Recorded information
_ _ _ _

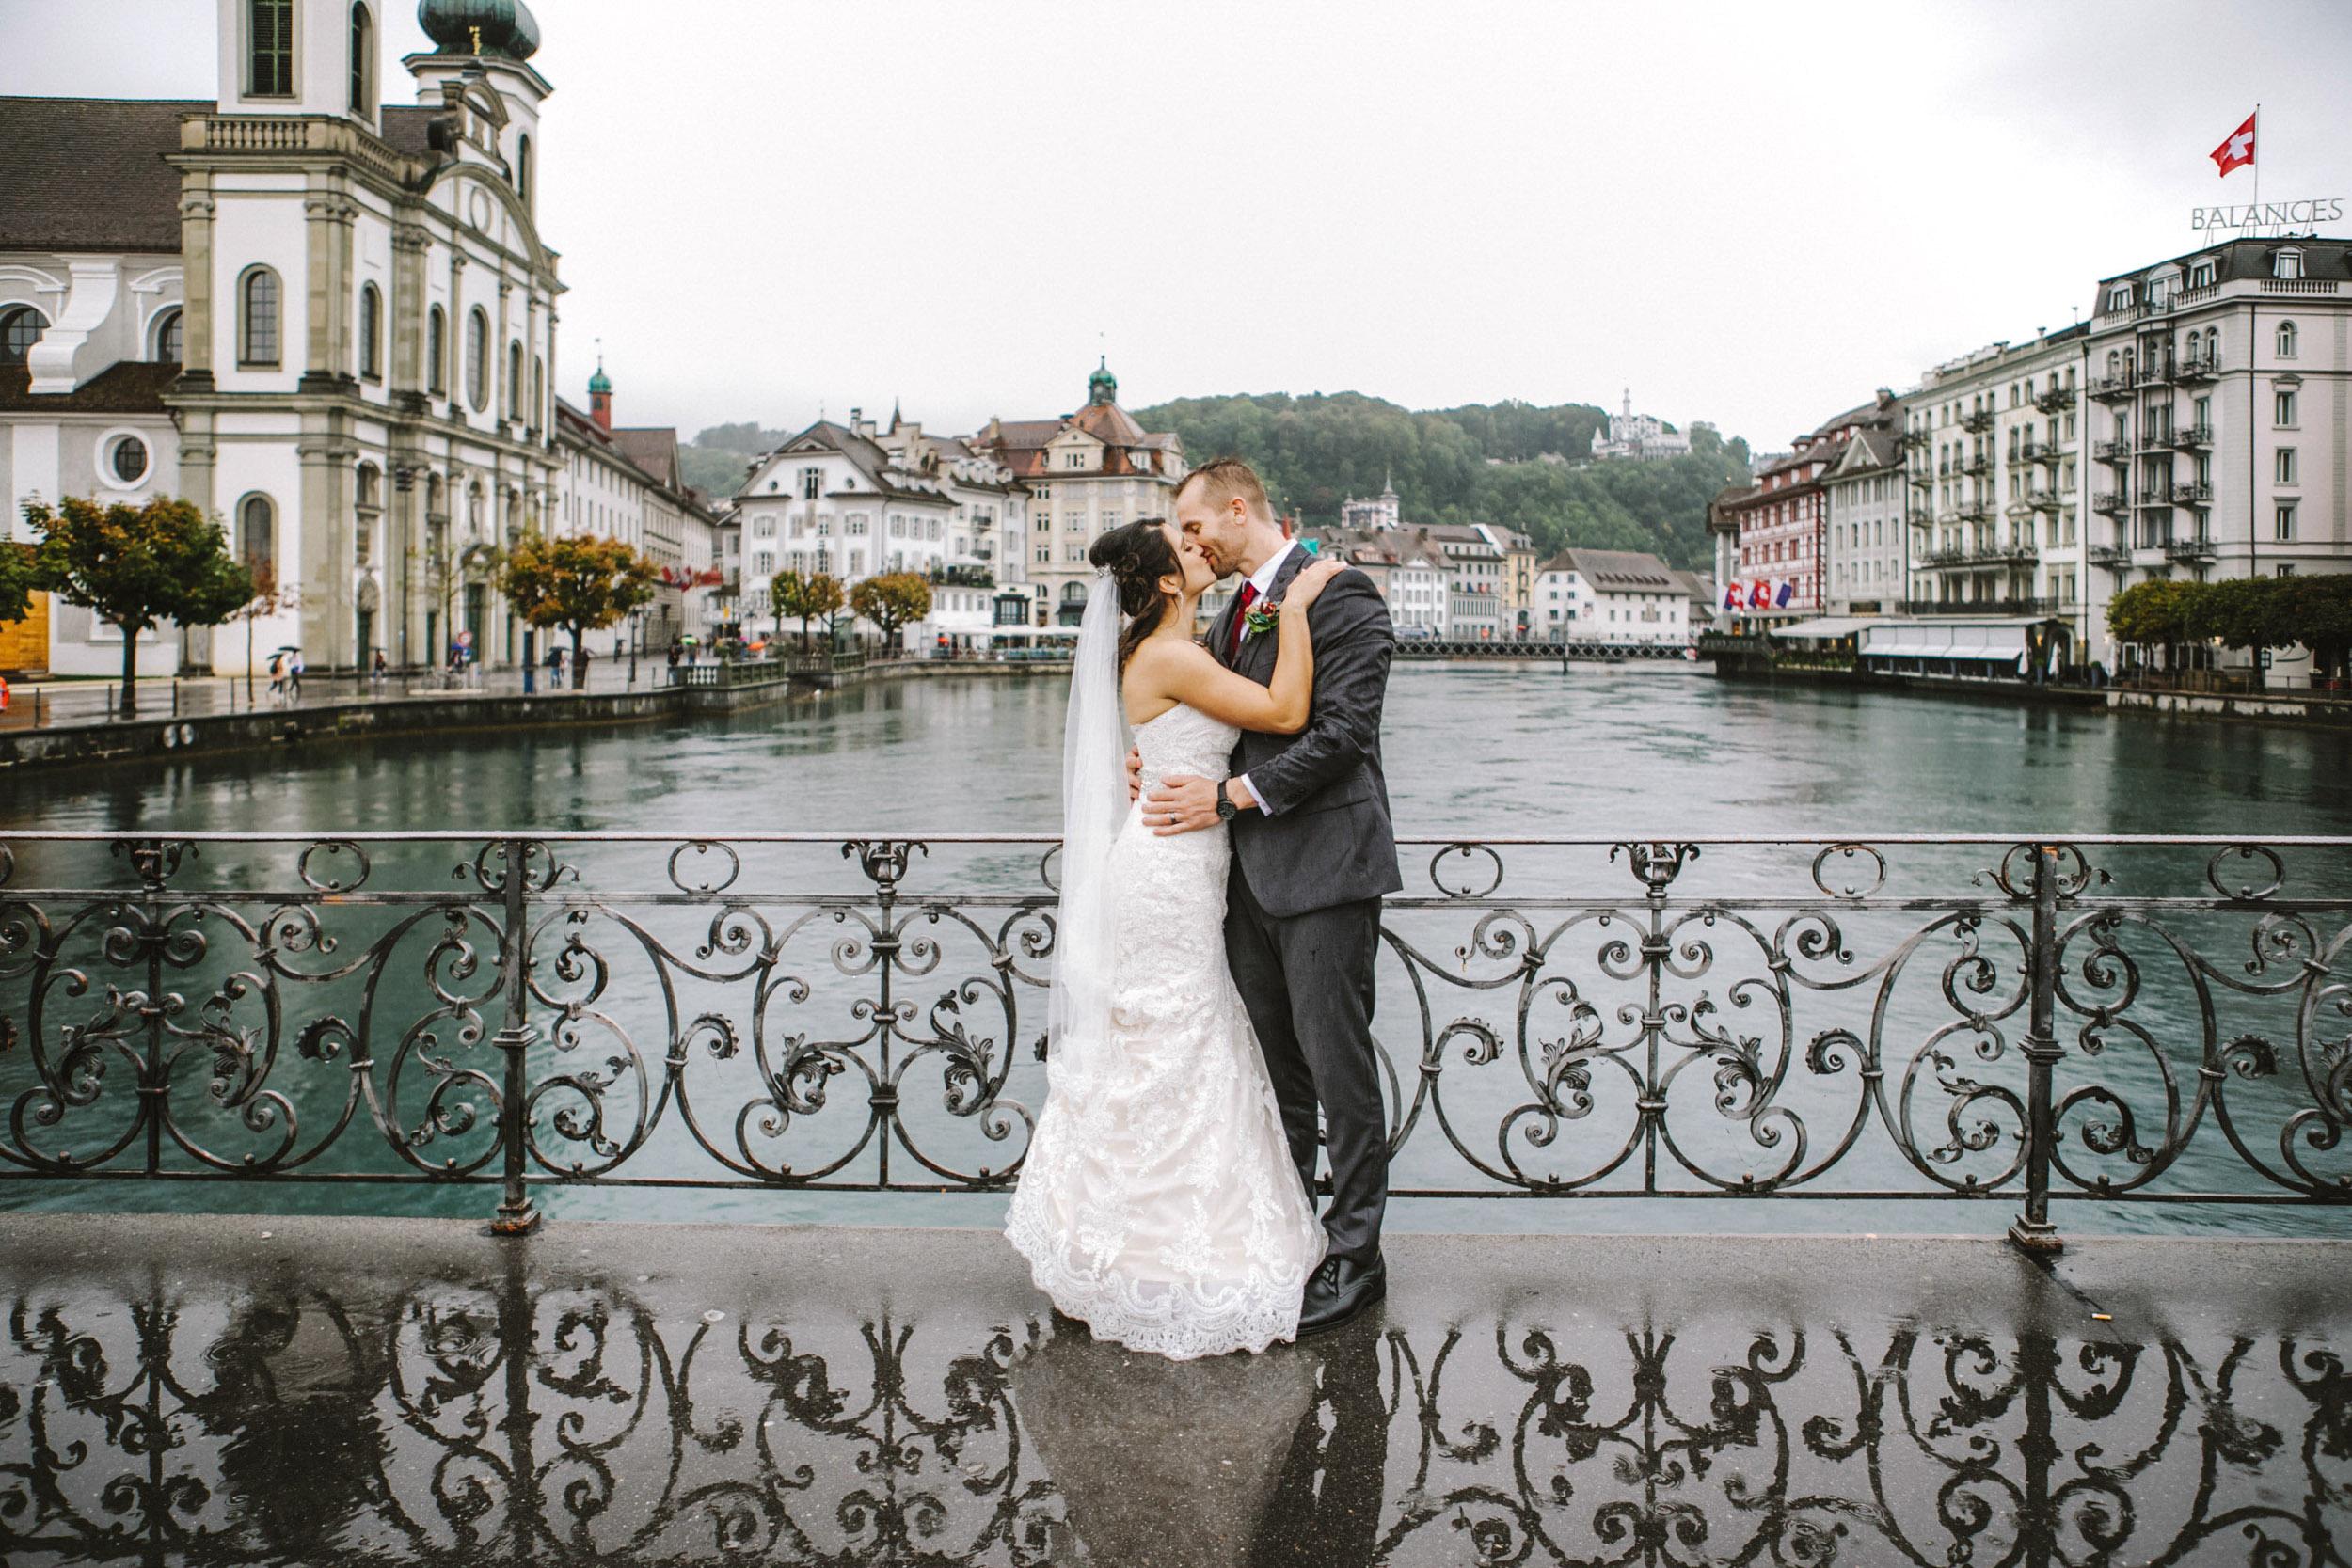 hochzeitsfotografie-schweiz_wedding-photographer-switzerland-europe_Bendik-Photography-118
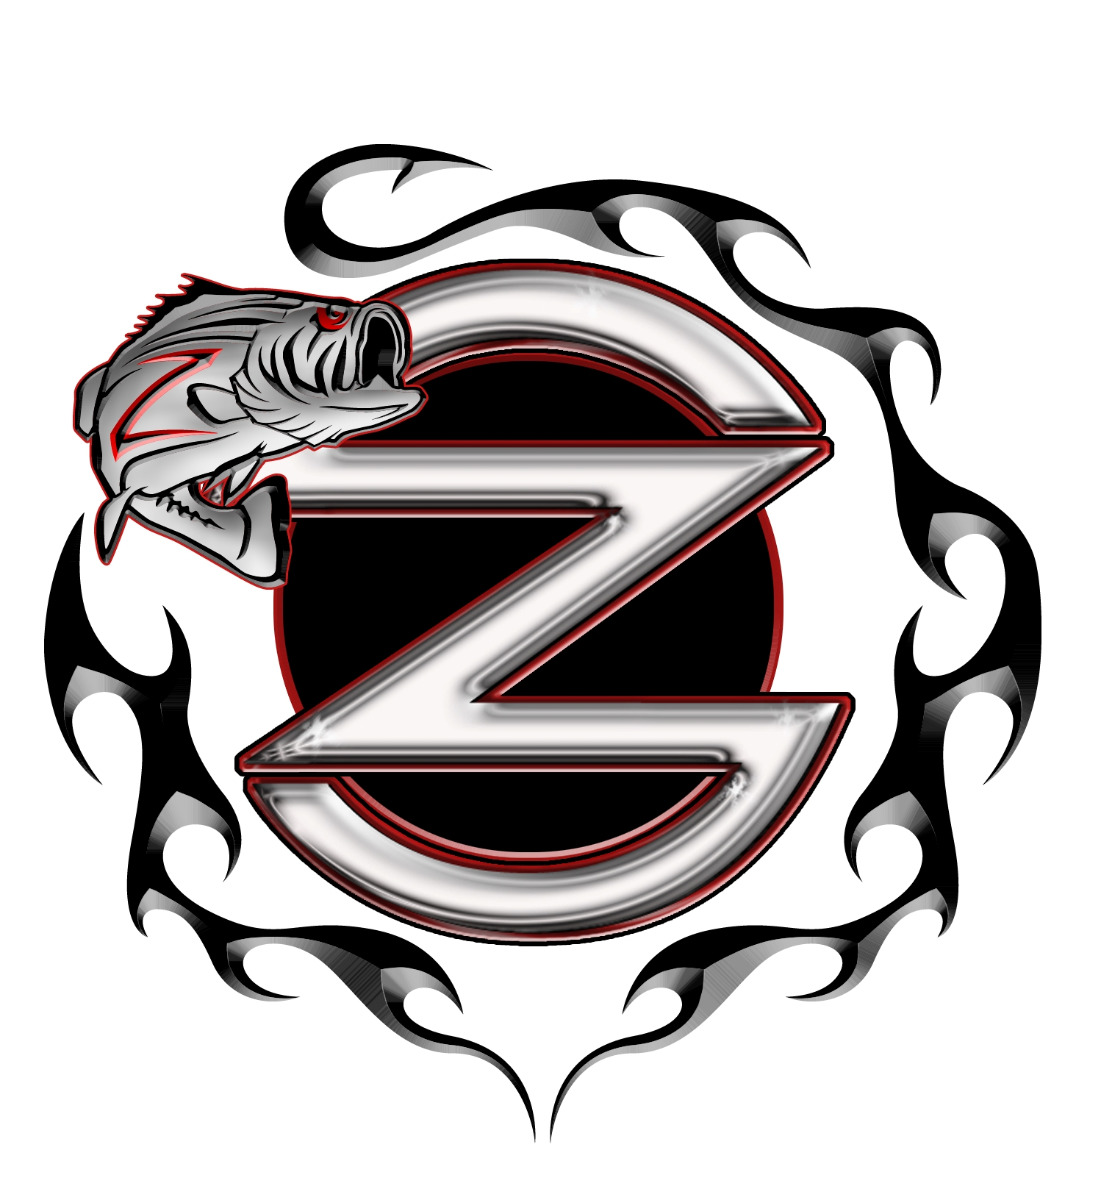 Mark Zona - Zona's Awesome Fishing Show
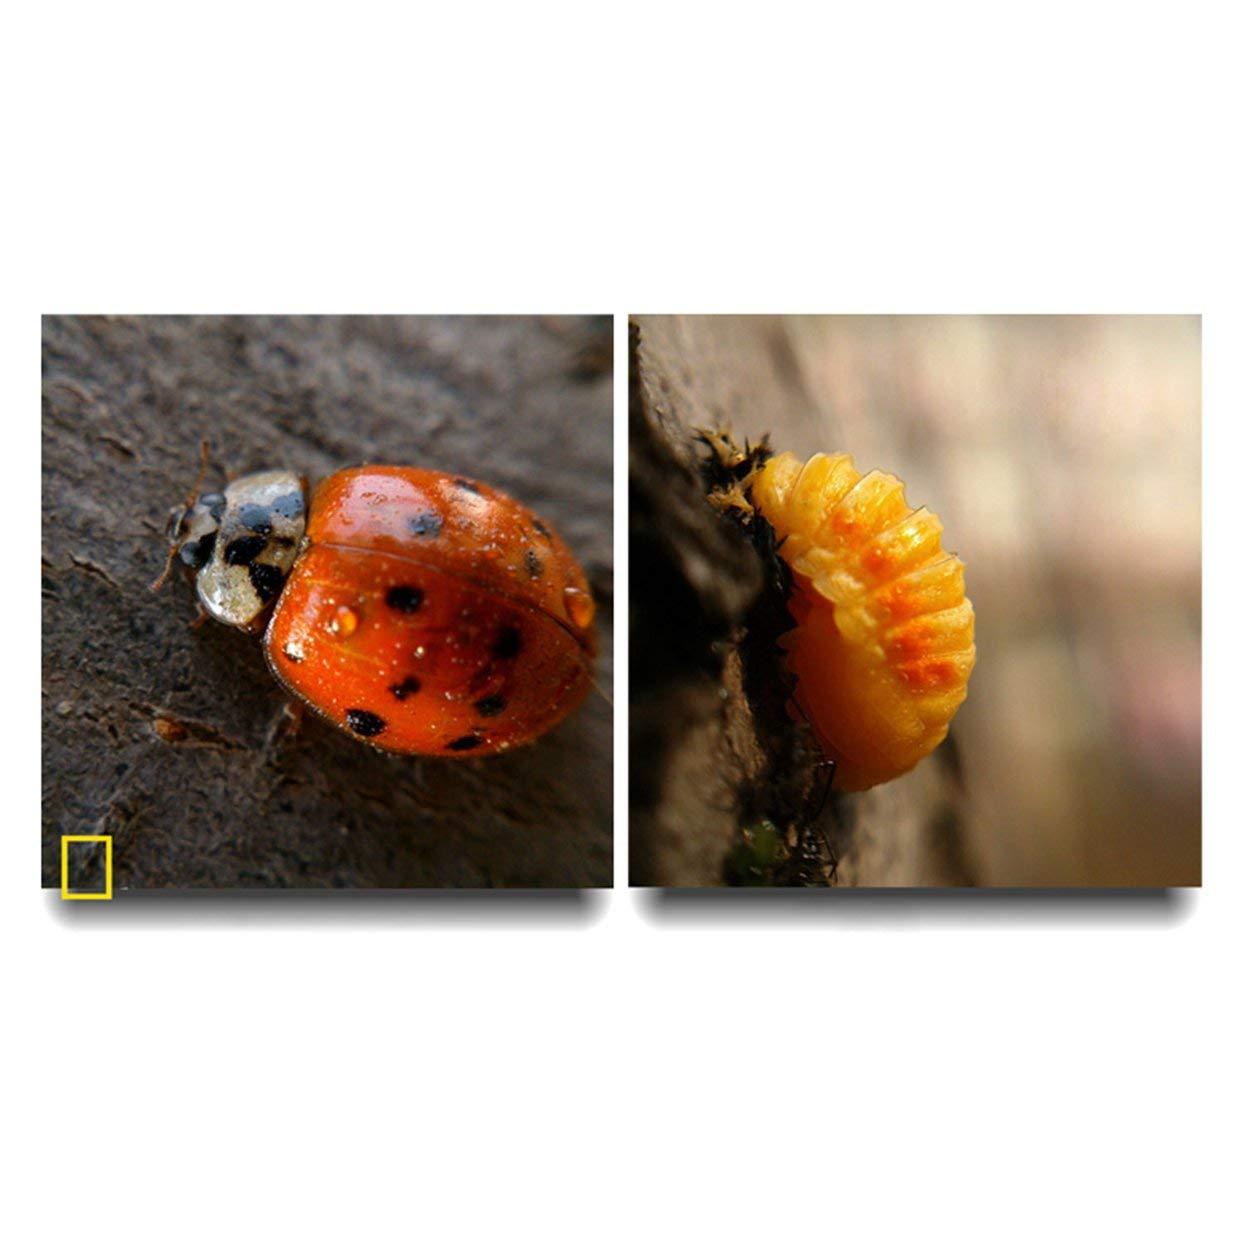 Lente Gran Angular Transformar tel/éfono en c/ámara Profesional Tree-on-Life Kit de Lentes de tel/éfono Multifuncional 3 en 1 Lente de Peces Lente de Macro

_ _ _ _

The task
The data above should be repeated exactly, minus any pictures.

Answer
 hochzeitsfotografie-schweiz_wedding-photographer-switzerland-europe_Bendik-Photography-118
 Mark Zona - Zona's Awesome Fishing Show
 Lente Gran Angular Transformar tel/éfono en c/ámara Profesional Tree-on-Life Kit de Lentes de tel/éfono Multifuncional 3 en 1 Lente de Peces Lente de Macro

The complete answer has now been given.